Final Report Summary - SEROTONINSLEEP (SEROTONERGIC REGULATION OF SLEEP RELATED NEURAL CIRCUIT)
Publishable summary
In recent years, remarkable emphasis has been focused on unraveling the mysteries of the brain on large scales. Efforts such as the Obama BRAIN initiative and EU Human Brain Project and channeled billions of dollars into brain research in order to accelerate the understanding of brain function and combat debilitating disease. Much of the progress towards these goals promises to be made in small model organisms, where scale is tractable and technological manipulations are both feasible and ethical. The larval zebrafish is a particularly auspicious model organism because its translucent brain enables analyses that were never before possible. As genetically encoded calcium indicators can be used to image the activity of the entire brain at cellular resolution in a single experiment, researchers now have an unprecedented window into the circuits underlying behavior and behavioral states. Of these behavioral states, sleep and wakefulness are particularly interesting because even though they are so ubiquitous across animals, little is known about their purpose or mechanism.
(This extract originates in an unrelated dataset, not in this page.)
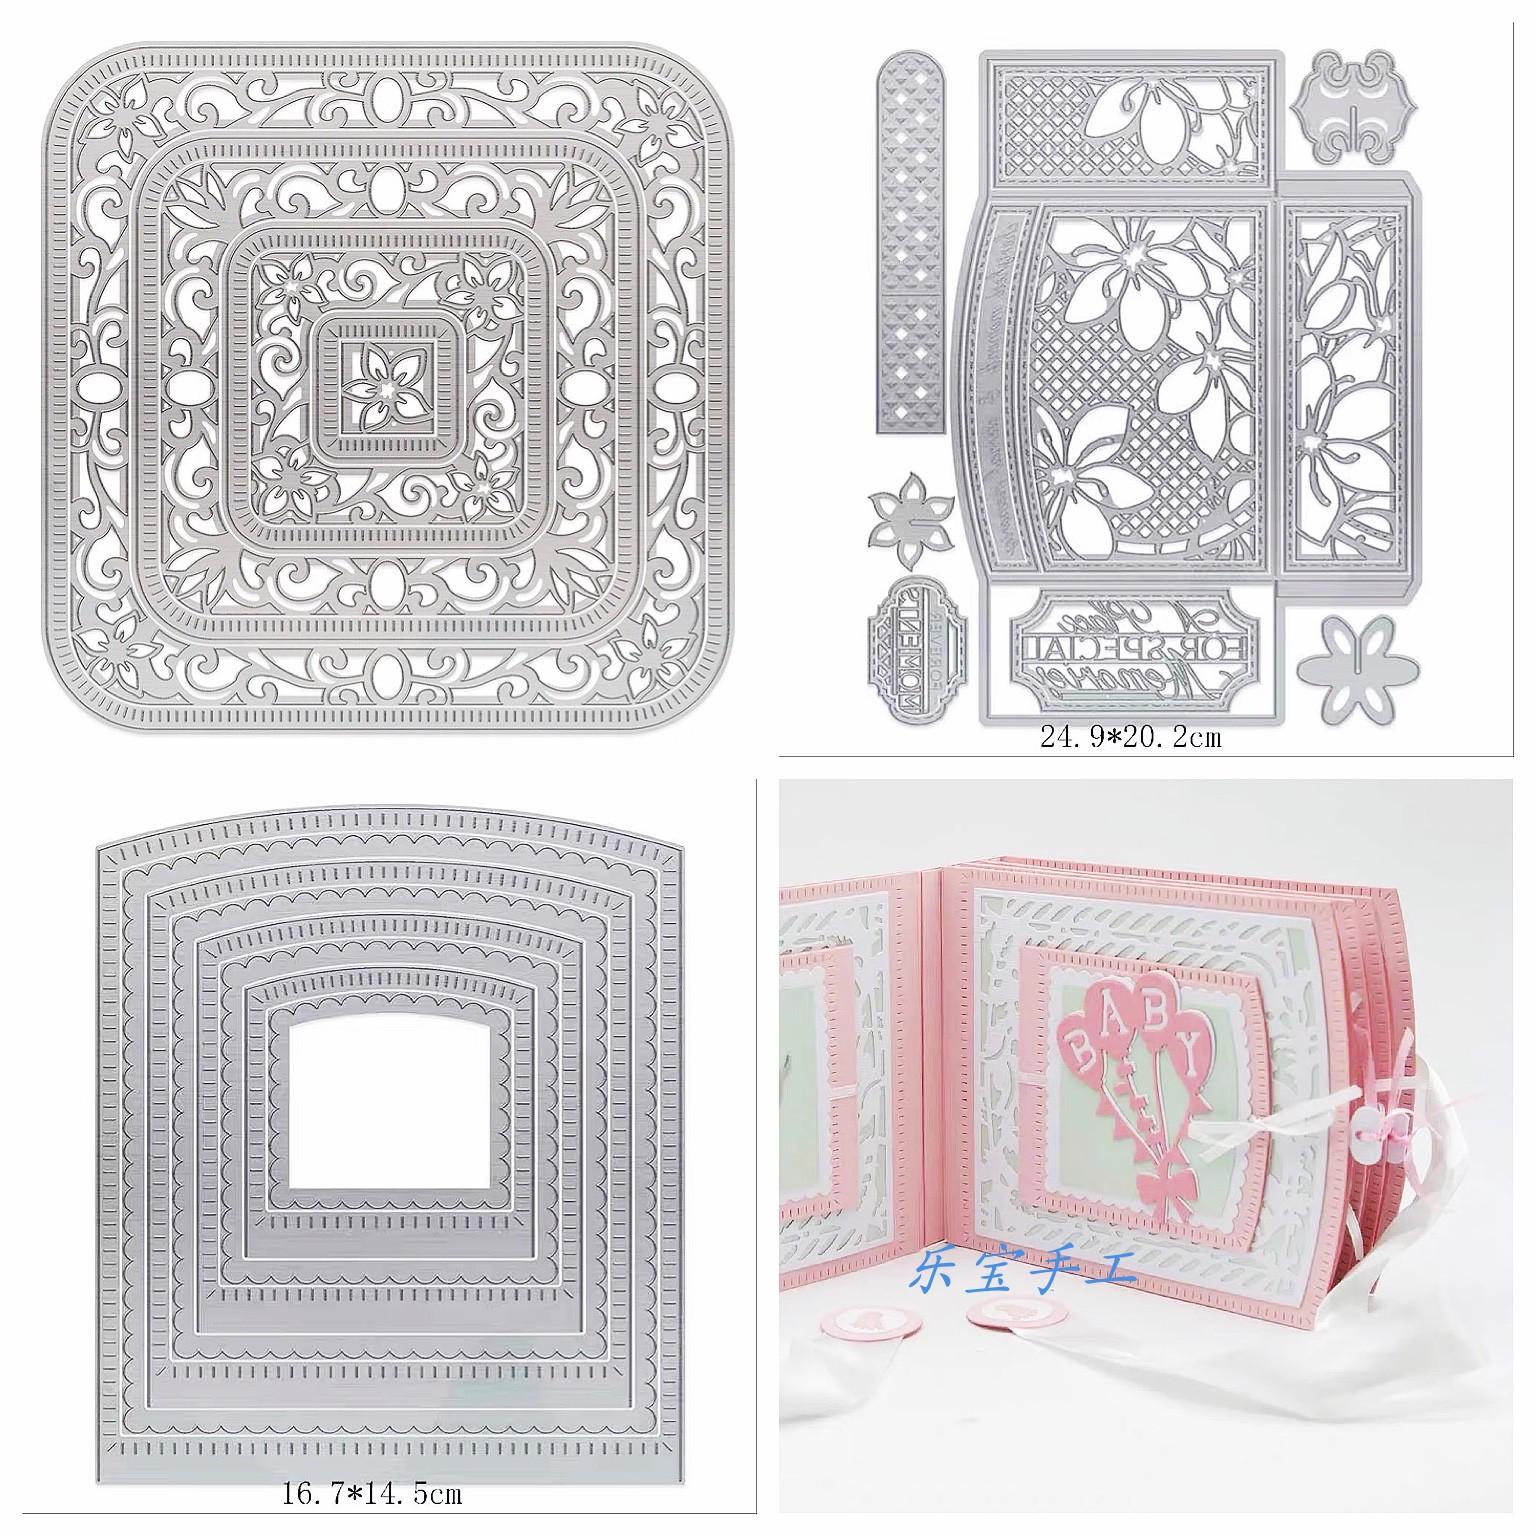 切割模板 DIY手工手账scrapbook纸艺压花模具 立体相册书籍装饰

To investigate how sleep and wakefulness are regulated in the larval zebrafish, we sought to characterize a robust, lab-reproducible behavior that could be used to study the interaction of serotonergic and hypocretin neurotransmitter systems in the brain. We quickly converged on the zebrafish optomotor response (OMR), as it has a strong foundation in the literature and reflects a relatively simple visuomotor transformation poised for modulation by accessory neural circuits. By exploring the relationship between this behavior and its underlying brain-wide circuit dynamics, we reasoned that we could both establish new tools for interpreting large-scale neural data and identify candidate brain regions, based on activity and anatomy, for intersection with neuromodulatory systems.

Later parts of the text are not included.